Infantile spasms is a severe infantile seizure disorder that is difficult to treat and has a high morbidity. Absence of spasms on days 13 and 14 after randomisation is more common in infants allocated hormone treatments than in those allocated vigabatrin. We sought to assess whether early control of spasms is associated with improved developmental or epilepsy outcomes. Infants enrolled in the United Kingdom Infantile Spasms Study (UKISS) were randomly assigned hormone treatment (n=55) or vigabatrin (n=52) and were followed up until clinical assessment at 12–14 months of age. We assessed neurodevelopment with the Vineland adaptive behaviour scales (VABS) at 14 months of age on an intention to treat basis. Of 107 infants enrolled, five died and 101 survivors reached both follow-up assessments. Absence of spasms at final clinical assessment (hormone 41/55 [75%] vs vigabatrin 39/51 [76%]) was similar in each treatment group (difference 1·9%, 95% CI −18·3% to 14·4%; χ 2=0·05; p=0·82). Mean VABS score did not differ significantly (hormone 78·6 [SD 16·8] vs vigabatrin 77·5 [SD 12·7]; difference 1·0, 95% CI −4·9 to 7·0; t 99 =0·35, p=0·73). In infants with no identified underlying aetiology, the mean VABS score was higher in those allocated hormone treatment than in those allocated vigabatrin (88·2 [17·3] vs 78·9 [14·3]; difference 9·3, 95% CI 1·2 to 17·3; t 95 =2·28, p=0·025). Hormone treatment controls spasms better than does vigabatrin initially, but not at 12–14 months of age. Better initial control of spasms by hormone treatment in those with no identified underlying aetiology may lead to improved developmental outcome.

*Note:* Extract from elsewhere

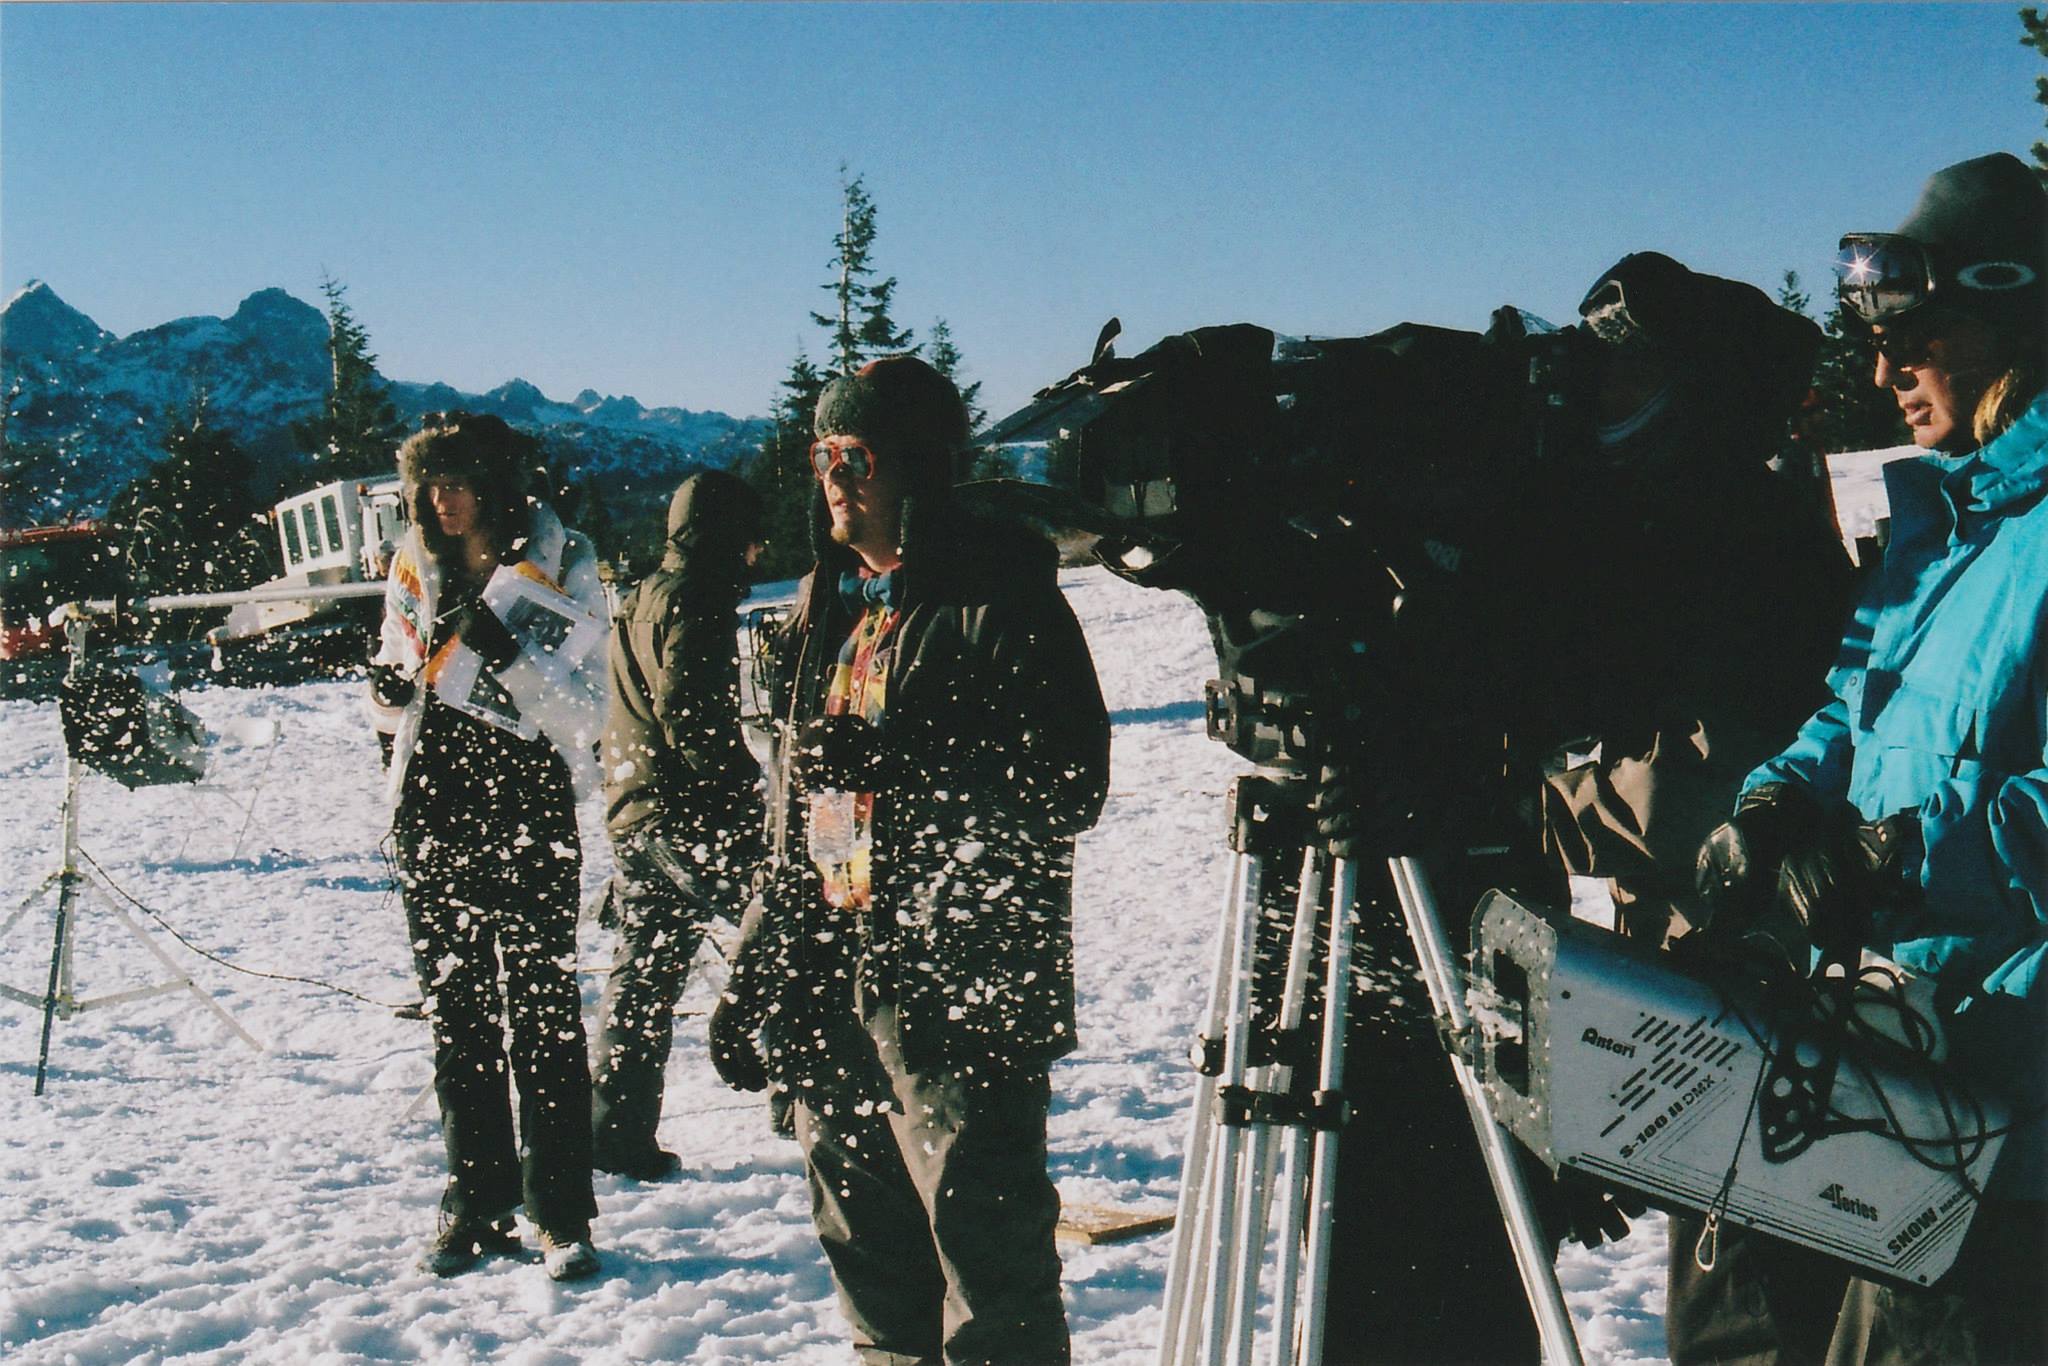 On Location - Scene One Filming, What Child Is This 1-24-15, sunrise at Ansel Adams Wilderness Area-Kurtis Anton, producing, on right on Snow Gun

Infantile spasms, which comprise a severe infantile seizure disorder, have a high morbidity and are difficult to treat. Hormonal treatments (adrenocorticotropic hormone and prednisolone) have been the main therapy for decades, although little evidence supports their use. Vigabatrin has been recorded to have a beneficial effect in this disorder. We aimed to compare the effects of vigabatrin with those of prednisolone and tetracosactide in the treatment of infantile spasms. The United Kingdom Infantile Spasms Study assessed these treatments in a multicentre, randomised controlled trial in 150 hospitals in the UK. The primary outcome was cessation of spasms on days 13 and 14. Minimum doses were vigabatrin 100 mg/kg per day, oral prednisolone 40 mg per day, or intramuscular tetracosactide depot 0·5 mg (40 IU) on alternate days. Analysis was by intention to treat. Of 208 infants screened and assessed, 107 were randomly assigned to vigabatrin (n=52) or hormonal treatments (prednisolone n=30, tetracosactide n=25). None was lost to follow-up. Proportions with no spasms on days 13 and 14 were: 40 (73%) of 55 infants assigned hormonal treatments (prednisolone 21/30 [70%], tetracosactide 19/25 [76%]) and 28 (54%) of 52 infants assigned vigabatrin (difference 19%, 95% CI 1%–36%, p=0·043). Two infants allocated tetracosactide and one allocated vigabatrin received prednisolone. Adverse events were reported in 30 (55%) of 55 infants on hormonal treatments and 28 (54%) of 52 infants on vigabatrin. No deaths were recorded. Cessation of spasms was more likely in infants given hormonal treatments than those given vigabatrin. Adverse events were common with both treatments.